When building a new application, one of the important decisions you make is the technical stack. This involves many considerations, one of them being the backend programming language. How flexible is it? What is the paradigm – FP or OO? Strictly-typed, loosely-typed, or no types? How has the language evolved? Is it still evolving? How extensible is it? How broad and passionate is the developer community? How does the language handle concurrency? Oh, concurrency.
In computer science, concurrency refers to the ability of a program to handle multiple instructions simultaneously. This is where multi-threaded languages excel. In a single-threaded language, achieving pseudo-concurrency (non-blocking operations) requires an event-driven architecture or asynchronous I/O.
My role at Liberty Supply requires a high degree of concurrency. The problem is that I'm not good at concurrent execution. My brain is single-threaded. For the most part, I think in linear phases of execution. I think in terms of dependencies and an orchestrated order of operations. Concurrency is at odds with this.
But, I acknowledge and adapt to the constraints of my internal runtime. I definitely work off an event loop... and man, is that queue deep. Perhaps that's why I gravitate to Node. I have a familiarity with and affinity toward its architecture.
Ironically, Node itself is mostly written in C++. Its association with JavaScript is due to Chrome's V8 runtime.

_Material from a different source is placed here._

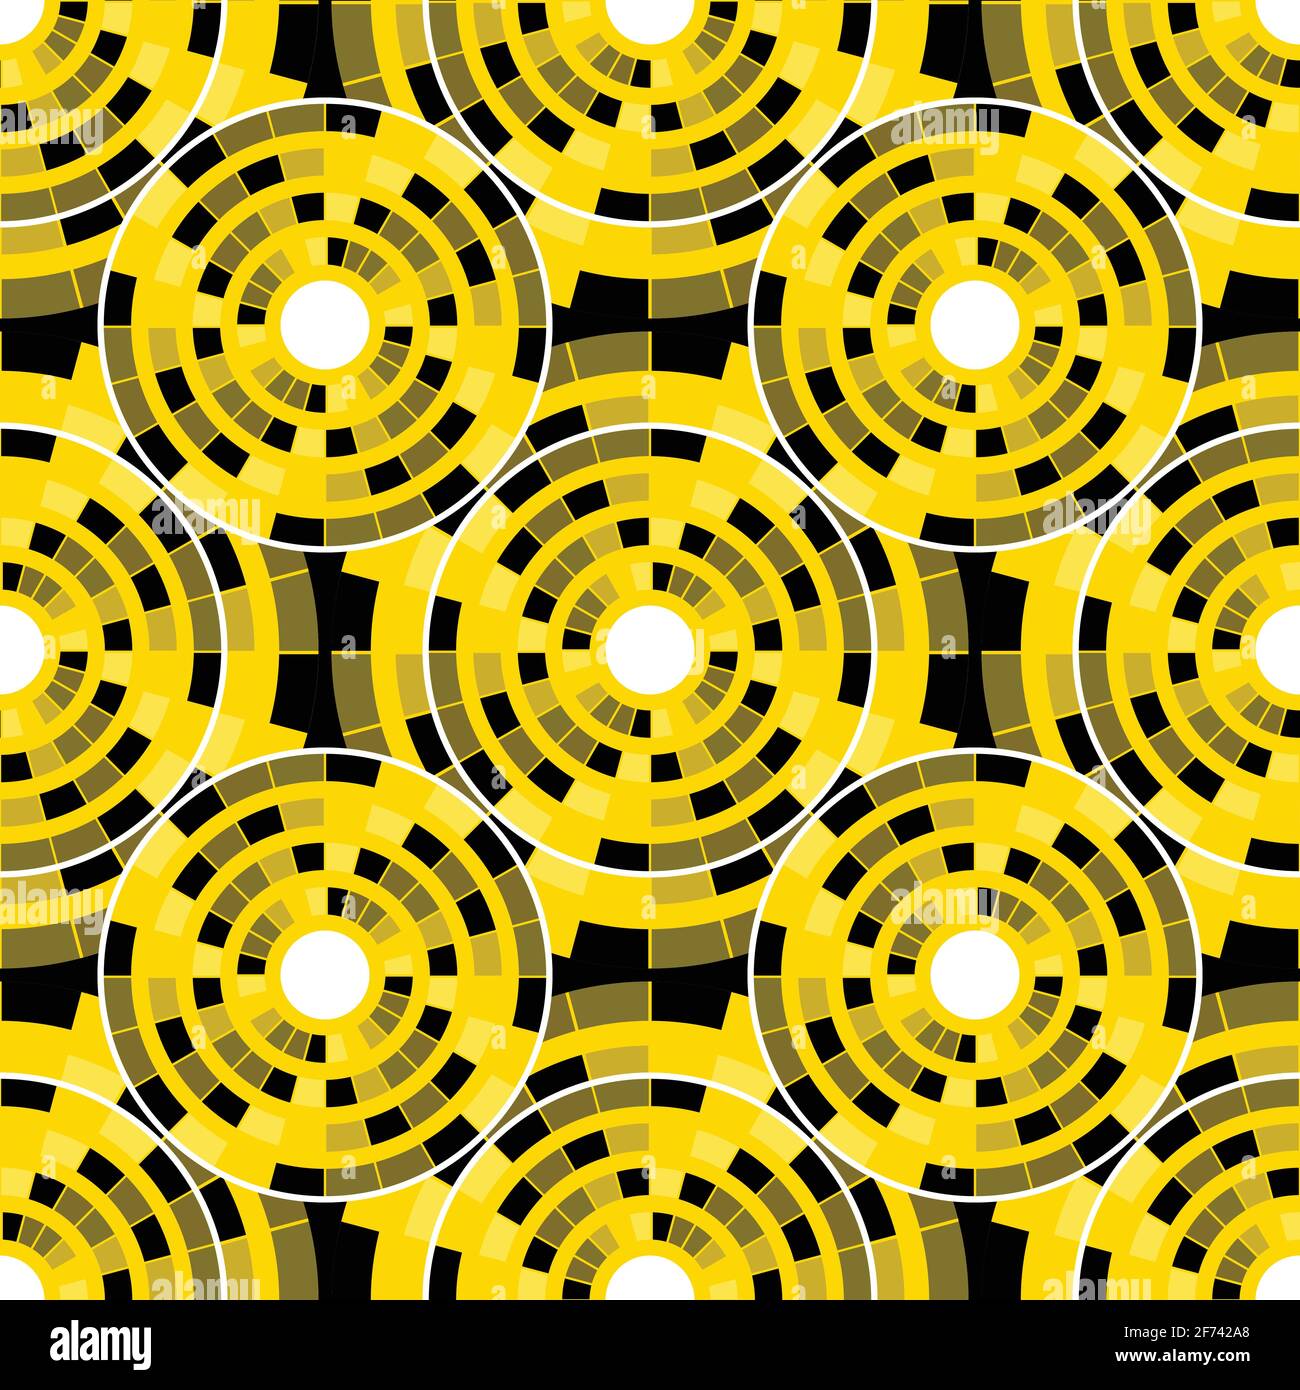 Seamless black, yellow and white pattern in the form of abstract circles. vector Stock Vector

Node is a C++ wrapper around Google's lightning-fast JavaScript runtime. All these years later, it still feels strange to write JS on the backend. At the same time, it feels thematically familiar to being an out-of-place developer in an industry architecture that is easily ten years behind.
As I get older, I recognize that none of the technical considerations matter to customers. As the interface, are we delivering value or not? Do we actually solve a problem? The answer to that question is binary. In its pursuit, the executive portion of my brain perpetually occupies the top of the call stack.
Start with customers, work backward.